Check each line of the records below and collect those that include the word "seine".

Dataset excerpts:
= Beginning of Section =

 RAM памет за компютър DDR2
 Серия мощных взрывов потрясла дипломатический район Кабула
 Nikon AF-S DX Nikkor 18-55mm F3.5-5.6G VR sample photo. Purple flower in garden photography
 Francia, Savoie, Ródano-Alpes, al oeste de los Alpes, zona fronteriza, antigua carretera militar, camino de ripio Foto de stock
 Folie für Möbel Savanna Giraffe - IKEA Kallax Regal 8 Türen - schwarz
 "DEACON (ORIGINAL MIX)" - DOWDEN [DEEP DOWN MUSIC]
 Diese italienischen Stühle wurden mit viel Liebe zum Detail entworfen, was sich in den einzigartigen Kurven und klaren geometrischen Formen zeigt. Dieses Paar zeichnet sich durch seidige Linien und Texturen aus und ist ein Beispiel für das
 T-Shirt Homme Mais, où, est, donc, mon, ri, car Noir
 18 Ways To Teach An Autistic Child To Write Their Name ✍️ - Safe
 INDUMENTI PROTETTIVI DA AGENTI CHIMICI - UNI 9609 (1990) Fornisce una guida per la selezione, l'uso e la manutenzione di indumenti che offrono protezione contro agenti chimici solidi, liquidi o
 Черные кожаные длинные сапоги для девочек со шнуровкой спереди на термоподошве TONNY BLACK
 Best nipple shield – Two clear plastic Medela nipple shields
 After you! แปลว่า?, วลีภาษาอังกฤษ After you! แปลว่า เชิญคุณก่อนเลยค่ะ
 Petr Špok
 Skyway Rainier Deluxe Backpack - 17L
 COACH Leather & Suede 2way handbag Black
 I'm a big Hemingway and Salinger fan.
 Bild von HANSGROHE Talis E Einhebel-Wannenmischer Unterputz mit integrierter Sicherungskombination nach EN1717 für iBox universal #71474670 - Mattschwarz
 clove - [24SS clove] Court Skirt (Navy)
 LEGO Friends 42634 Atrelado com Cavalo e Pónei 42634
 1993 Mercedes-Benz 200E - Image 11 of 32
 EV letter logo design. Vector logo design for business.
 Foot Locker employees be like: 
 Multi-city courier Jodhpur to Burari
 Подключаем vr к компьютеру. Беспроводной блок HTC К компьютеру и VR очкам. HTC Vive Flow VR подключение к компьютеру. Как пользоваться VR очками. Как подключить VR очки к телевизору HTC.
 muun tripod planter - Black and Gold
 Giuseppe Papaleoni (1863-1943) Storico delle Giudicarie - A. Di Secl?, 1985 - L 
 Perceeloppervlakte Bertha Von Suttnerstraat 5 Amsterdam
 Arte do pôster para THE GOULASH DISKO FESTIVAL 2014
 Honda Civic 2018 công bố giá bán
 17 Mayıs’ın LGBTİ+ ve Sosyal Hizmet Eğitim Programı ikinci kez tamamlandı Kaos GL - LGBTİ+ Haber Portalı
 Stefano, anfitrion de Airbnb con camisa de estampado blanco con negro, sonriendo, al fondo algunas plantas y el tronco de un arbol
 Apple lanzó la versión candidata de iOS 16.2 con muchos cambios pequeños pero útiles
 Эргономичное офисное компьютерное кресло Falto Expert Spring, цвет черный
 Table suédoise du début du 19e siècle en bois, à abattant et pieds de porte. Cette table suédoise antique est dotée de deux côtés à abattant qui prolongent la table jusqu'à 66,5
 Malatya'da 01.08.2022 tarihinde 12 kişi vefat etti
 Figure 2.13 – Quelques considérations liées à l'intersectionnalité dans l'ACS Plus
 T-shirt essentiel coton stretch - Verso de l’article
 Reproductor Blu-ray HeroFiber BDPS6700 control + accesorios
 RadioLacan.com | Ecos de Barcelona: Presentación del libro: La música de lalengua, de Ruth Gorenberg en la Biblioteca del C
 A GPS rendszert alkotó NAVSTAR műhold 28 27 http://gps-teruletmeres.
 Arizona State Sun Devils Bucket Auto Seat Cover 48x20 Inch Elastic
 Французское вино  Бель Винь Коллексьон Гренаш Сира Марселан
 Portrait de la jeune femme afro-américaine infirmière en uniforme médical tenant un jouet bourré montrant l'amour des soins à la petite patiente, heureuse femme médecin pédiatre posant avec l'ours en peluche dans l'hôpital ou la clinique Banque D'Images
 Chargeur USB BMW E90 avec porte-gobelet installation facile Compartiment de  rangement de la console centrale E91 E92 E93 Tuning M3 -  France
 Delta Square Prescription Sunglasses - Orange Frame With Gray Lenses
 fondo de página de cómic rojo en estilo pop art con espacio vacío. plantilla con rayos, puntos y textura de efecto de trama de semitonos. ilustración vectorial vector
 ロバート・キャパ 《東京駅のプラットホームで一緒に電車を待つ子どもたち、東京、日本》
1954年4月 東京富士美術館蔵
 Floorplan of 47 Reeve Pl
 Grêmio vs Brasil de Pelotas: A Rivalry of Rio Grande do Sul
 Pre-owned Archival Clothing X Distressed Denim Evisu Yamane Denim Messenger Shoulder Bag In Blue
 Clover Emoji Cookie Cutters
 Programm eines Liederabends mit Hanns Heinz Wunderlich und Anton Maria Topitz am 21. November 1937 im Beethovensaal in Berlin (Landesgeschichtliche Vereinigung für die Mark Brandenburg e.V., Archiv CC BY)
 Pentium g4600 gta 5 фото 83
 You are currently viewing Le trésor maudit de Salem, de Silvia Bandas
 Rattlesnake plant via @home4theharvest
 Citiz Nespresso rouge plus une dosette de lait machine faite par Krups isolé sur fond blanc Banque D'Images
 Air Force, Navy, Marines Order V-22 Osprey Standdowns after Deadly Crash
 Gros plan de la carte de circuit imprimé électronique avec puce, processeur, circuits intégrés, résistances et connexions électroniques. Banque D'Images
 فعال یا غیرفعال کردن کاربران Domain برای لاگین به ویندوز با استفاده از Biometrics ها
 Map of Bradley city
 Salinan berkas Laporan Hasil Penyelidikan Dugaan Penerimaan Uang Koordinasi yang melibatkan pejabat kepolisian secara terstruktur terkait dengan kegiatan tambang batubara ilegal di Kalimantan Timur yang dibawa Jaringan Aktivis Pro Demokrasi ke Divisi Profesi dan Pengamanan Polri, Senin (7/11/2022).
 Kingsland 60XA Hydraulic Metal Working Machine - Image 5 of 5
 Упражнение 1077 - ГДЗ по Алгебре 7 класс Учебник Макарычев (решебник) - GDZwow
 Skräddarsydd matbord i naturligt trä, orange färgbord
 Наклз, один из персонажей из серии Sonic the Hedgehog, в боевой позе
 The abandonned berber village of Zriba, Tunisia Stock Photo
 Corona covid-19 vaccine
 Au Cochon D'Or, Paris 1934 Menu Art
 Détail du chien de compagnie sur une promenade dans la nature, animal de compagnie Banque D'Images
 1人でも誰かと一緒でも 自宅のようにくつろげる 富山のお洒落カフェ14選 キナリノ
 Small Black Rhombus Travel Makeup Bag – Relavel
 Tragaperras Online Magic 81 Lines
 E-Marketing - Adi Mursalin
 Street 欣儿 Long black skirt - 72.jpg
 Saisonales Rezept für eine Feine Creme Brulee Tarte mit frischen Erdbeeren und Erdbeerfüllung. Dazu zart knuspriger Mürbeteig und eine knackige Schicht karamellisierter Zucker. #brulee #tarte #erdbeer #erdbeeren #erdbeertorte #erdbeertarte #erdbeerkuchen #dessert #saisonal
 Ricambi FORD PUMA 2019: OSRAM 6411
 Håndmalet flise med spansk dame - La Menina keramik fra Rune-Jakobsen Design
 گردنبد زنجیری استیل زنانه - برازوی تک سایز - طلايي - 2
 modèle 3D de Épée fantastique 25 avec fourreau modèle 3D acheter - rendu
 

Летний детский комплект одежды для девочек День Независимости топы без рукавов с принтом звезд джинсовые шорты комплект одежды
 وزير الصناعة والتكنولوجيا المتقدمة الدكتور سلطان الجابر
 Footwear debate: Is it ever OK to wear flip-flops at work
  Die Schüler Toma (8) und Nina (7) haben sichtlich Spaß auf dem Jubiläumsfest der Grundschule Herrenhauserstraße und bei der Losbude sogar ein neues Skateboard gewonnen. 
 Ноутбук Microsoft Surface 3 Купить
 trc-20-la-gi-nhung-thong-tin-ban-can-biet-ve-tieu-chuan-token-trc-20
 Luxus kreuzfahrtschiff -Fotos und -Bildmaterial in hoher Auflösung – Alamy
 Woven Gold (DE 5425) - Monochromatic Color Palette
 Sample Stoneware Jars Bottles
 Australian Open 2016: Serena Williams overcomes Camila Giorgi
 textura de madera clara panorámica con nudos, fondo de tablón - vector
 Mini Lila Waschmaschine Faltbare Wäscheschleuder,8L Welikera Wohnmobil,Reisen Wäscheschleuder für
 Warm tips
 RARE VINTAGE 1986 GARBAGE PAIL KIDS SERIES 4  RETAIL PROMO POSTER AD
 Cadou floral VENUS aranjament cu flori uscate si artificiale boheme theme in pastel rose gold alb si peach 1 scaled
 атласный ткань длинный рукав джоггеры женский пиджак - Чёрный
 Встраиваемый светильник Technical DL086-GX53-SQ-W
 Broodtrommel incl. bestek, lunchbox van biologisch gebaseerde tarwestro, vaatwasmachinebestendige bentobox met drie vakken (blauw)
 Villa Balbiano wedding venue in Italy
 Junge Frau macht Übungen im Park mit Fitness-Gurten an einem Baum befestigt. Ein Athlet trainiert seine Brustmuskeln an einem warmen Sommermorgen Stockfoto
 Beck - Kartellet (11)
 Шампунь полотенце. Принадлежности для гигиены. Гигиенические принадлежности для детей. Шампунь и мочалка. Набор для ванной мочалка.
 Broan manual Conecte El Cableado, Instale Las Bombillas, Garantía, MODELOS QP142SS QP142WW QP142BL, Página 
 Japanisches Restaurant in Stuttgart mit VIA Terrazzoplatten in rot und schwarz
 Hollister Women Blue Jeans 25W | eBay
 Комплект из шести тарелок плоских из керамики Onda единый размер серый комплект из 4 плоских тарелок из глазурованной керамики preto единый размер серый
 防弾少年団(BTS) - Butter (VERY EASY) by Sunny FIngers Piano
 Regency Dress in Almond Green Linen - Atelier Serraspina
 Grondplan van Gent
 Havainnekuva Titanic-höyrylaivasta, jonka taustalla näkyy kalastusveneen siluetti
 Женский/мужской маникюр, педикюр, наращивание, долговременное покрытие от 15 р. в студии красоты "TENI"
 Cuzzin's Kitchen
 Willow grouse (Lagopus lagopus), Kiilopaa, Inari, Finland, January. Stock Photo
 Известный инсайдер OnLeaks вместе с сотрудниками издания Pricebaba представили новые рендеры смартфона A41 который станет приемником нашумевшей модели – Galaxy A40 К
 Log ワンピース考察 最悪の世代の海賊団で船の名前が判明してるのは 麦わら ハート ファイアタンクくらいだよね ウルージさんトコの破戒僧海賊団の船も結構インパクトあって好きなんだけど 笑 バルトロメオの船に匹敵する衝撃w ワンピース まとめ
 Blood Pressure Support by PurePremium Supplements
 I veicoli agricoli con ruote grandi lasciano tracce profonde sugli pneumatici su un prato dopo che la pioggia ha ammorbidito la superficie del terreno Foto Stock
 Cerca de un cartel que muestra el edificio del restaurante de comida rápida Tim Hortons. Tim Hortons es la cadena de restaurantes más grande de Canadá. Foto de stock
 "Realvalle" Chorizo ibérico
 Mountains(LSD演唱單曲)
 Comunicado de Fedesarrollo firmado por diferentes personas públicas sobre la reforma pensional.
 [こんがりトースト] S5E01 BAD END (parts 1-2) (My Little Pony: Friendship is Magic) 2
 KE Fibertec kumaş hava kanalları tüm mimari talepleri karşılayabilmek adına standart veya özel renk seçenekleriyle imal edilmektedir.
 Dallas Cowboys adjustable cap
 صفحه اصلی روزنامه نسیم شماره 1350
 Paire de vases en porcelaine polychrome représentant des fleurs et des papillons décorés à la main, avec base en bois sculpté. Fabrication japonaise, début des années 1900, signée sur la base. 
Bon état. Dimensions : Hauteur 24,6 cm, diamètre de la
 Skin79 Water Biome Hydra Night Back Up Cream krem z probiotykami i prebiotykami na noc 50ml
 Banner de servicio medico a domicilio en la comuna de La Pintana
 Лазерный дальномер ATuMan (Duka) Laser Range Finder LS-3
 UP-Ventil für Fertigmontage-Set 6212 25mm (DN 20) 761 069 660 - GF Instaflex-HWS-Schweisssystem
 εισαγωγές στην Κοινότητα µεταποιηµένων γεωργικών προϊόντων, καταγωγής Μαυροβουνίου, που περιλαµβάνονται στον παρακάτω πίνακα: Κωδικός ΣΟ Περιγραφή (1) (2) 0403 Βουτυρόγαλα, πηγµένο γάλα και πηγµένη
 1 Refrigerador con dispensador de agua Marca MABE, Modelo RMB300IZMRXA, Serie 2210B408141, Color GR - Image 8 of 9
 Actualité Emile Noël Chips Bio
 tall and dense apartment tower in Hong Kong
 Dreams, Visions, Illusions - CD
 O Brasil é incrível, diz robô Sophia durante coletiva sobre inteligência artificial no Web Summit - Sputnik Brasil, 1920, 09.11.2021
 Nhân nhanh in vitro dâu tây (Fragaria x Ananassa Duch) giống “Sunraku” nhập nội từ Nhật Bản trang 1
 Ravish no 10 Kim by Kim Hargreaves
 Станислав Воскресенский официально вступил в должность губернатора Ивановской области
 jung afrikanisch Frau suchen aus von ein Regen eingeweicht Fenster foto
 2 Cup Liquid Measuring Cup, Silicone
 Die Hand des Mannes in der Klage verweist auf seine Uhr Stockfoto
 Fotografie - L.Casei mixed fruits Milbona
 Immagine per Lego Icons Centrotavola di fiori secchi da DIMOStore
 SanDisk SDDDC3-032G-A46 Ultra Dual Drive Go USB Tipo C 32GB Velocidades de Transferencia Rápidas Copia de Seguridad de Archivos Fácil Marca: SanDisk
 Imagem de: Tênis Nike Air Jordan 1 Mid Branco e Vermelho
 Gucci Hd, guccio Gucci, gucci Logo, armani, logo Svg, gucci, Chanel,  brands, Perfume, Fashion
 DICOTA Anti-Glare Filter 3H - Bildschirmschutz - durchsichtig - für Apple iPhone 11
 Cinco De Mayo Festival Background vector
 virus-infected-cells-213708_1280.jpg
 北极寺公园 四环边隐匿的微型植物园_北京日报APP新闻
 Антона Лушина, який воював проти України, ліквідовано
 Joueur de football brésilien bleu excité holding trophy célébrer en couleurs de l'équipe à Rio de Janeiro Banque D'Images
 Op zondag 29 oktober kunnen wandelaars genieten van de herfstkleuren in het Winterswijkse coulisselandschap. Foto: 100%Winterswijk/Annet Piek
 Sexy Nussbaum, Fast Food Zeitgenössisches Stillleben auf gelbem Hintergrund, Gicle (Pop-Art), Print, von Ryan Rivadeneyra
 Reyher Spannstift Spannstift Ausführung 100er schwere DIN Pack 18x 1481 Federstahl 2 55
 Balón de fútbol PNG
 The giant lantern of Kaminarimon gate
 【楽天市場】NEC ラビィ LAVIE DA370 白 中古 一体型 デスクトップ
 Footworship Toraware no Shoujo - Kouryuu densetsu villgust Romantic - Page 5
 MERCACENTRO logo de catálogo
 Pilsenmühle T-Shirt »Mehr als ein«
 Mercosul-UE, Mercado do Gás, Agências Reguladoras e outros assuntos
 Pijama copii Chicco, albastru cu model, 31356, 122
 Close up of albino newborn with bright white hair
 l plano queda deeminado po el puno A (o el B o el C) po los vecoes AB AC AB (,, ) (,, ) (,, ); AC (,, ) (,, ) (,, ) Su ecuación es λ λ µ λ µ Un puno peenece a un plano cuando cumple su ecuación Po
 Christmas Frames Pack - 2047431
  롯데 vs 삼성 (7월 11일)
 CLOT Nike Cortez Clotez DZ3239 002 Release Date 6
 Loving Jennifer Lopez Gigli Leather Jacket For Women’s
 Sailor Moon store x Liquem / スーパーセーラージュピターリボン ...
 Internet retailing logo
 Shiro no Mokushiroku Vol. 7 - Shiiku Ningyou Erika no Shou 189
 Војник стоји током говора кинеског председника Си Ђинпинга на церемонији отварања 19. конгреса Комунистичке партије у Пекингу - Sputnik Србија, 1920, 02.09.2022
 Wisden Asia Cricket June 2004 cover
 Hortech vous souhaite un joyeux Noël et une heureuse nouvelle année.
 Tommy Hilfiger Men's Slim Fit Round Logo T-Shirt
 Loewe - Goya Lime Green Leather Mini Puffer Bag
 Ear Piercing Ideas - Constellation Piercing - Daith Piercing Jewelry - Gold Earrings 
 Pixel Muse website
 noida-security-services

= End of Section =

Result:
 Junge Frau macht Übungen im Park mit Fitness-Gurten an einem Baum befestigt. Ein Athlet trainiert seine Brustmuskeln an einem warmen Sommermorgen Stockfoto
 Die Hand des Mannes in der Klage verweist auf seine Uhr Stockfoto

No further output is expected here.